Institut National de la Santé et de la Recherche Médicale, Unité 855 and Université de Lyon, Lyon F-69008, France, and Université Lyon 1, Villeurbanne F-69622, France

Address all correspondence and requests for reprints to: Gilles Mithieux, Faculté de médecine Laennec, rue Guillaume Paradin, 69372 Lyon cedex 8, France. E-mail: mithieux{at}sante.univ-lyon1.fr.

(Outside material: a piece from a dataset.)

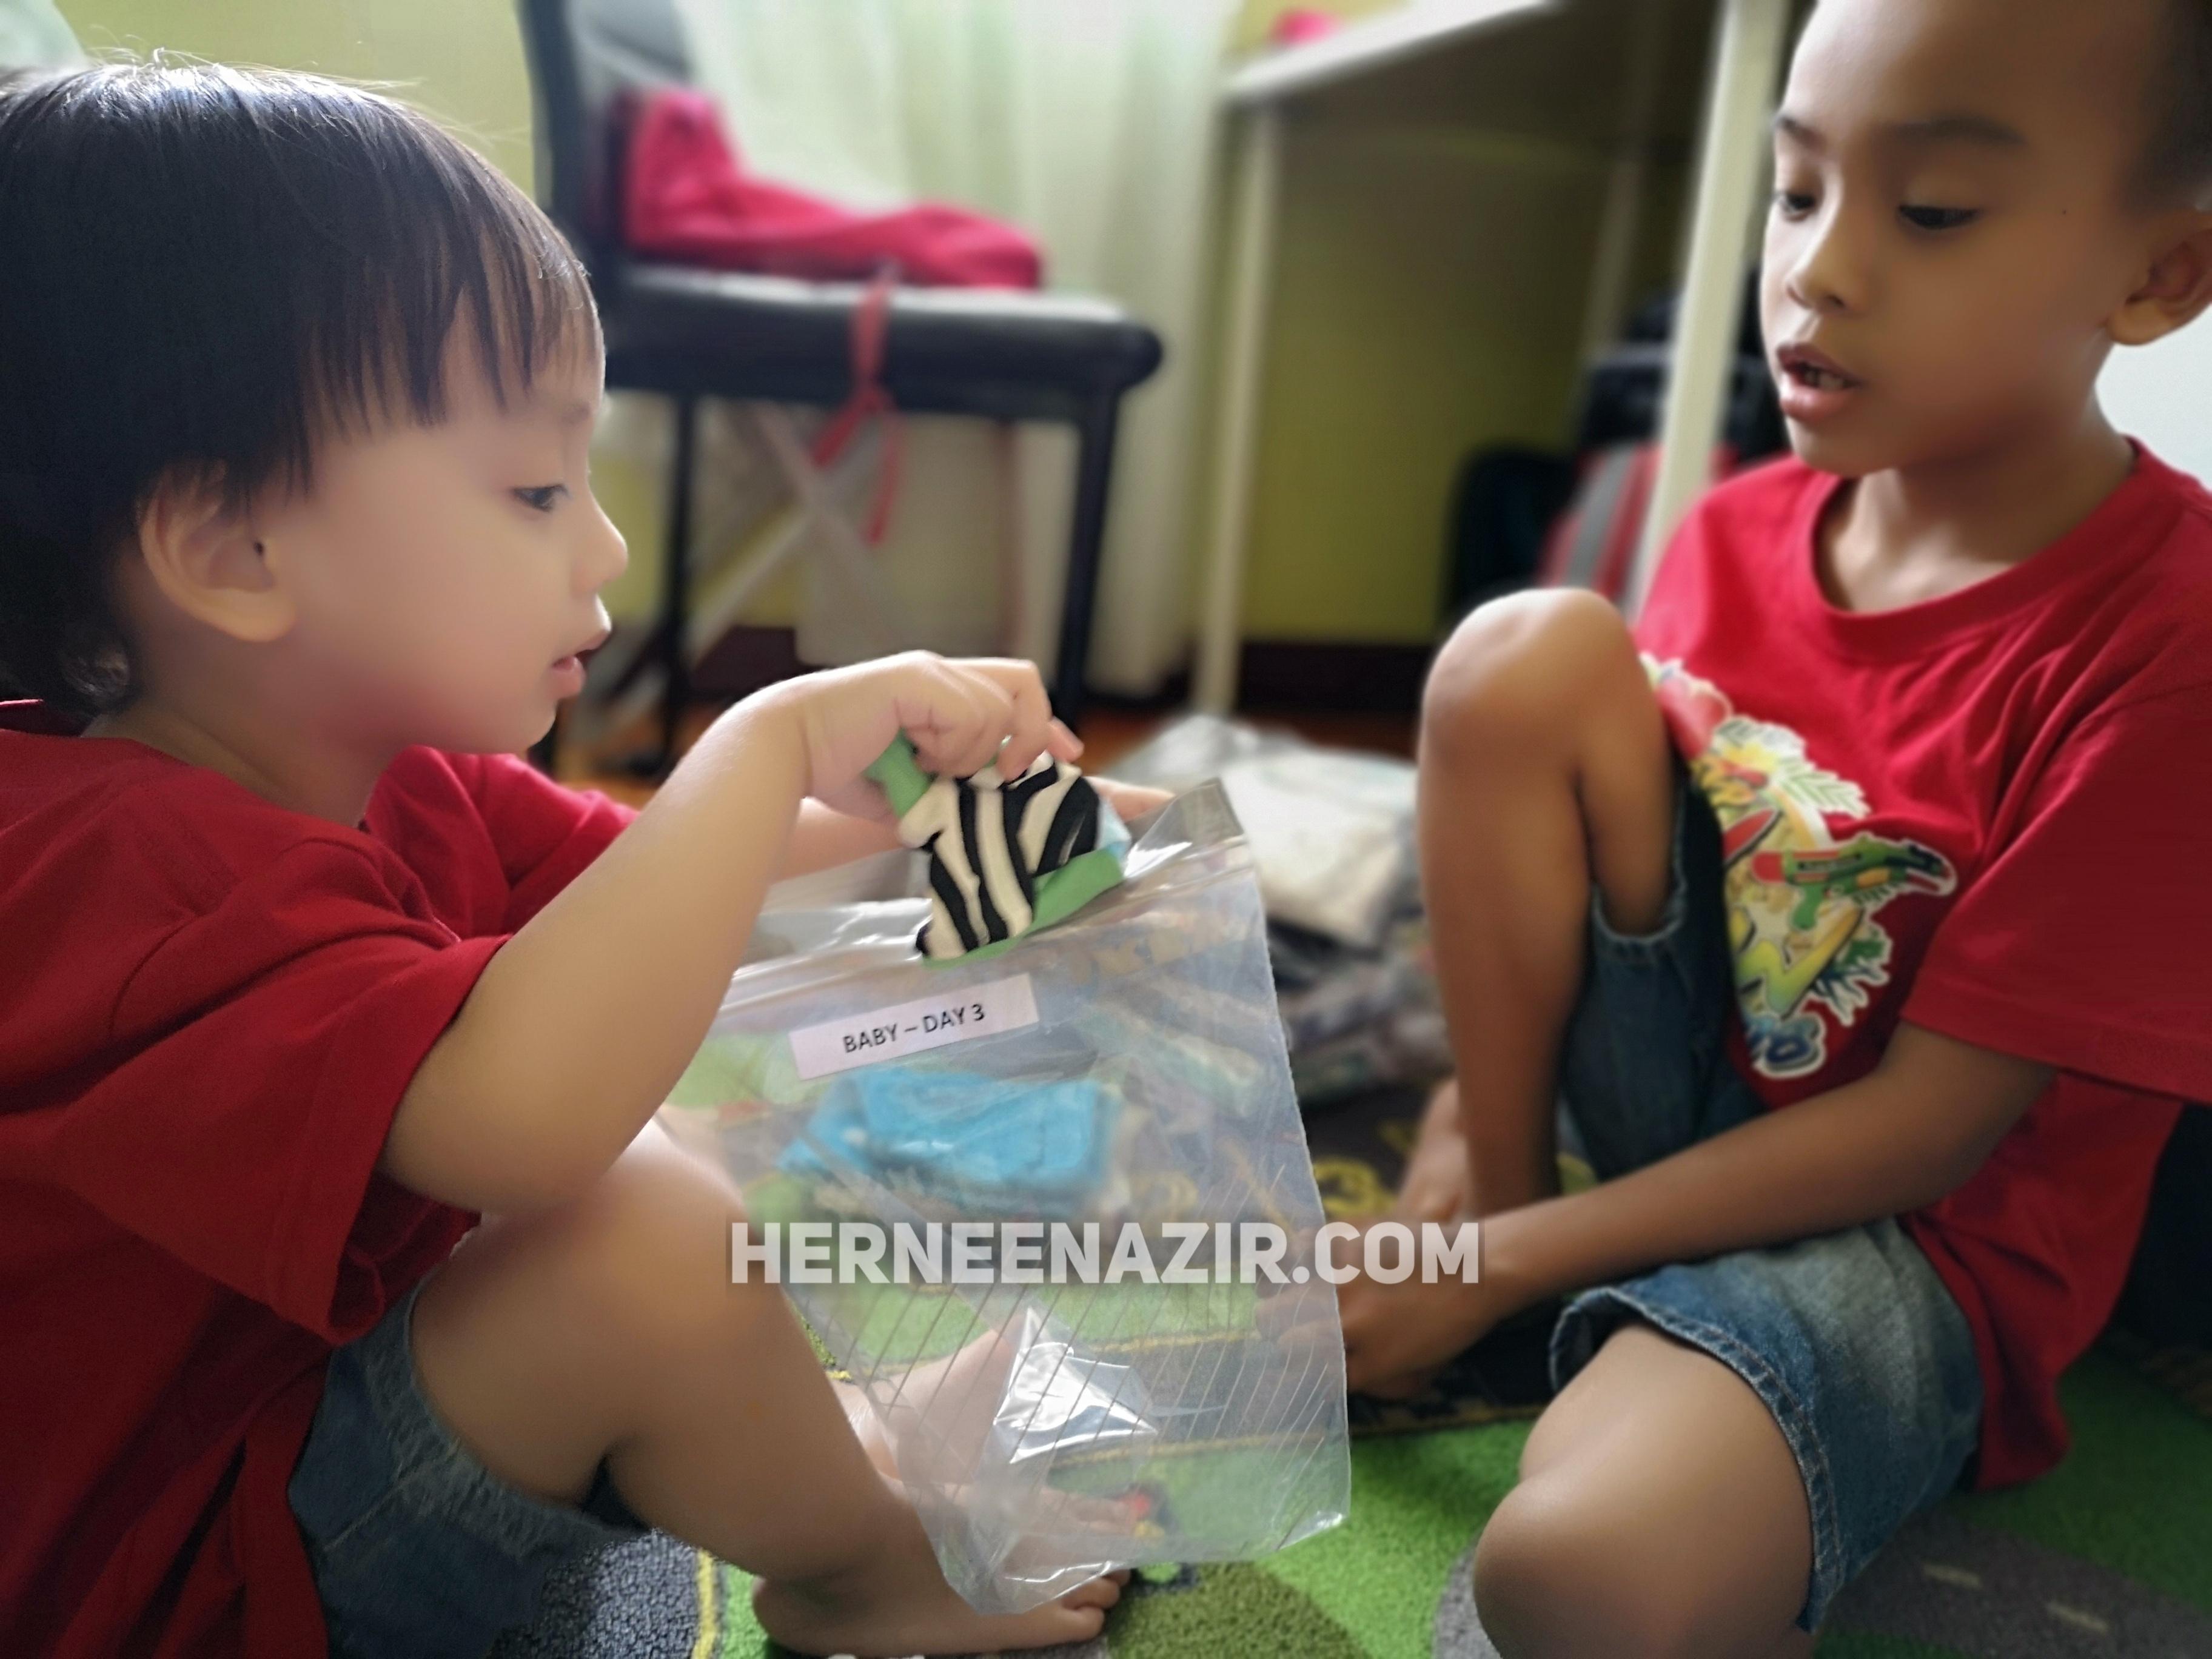 Jom Tolong Ummi Packing Baju Baby

The aim of this study was to assess in rats the effect of protein feeding on the: 1) distribution of endogenous glucose production (EGP) among gluconeogenic organs, and 2) repercussion on the insulin sensitivity of glucose metabolism. We used gene expression analyses, a combination of glucose tracer dilution and arteriovenous balance to quantify specific organ release, and hyperinsulinemic euglycemic clamps to assess EGP and glucose uptake. Protein feeding promoted a dramatic induction of the main regulatory gluconeogenic genes (glucose-6 phosphatase and phosphoenolpyruvate carboxykinase) in the kidney, but not in the liver. As a consequence, the kidney glucose release was markedly increased, compared with rats fed a normal starch diet. Protein feeding ameliorated the suppression of EGP by insulin and the sparing of glycogen storage in the liver but had no effect on glucose uptake. Combined with the previously reported induction of gluconeogenesis in the small intestine, the present work strongly suggests that a redistribution of glucose production among gluconeogenic organs might occur upon protein feeding. This phenomenon is in keeping with the improvement of insulin sensitivity of EGP, most likely involving the hepatic site. These data shed a new light on the improvement of glucose tolerance, previously observed upon increasing the amount of protein in the diet, in type 2 diabetic patients.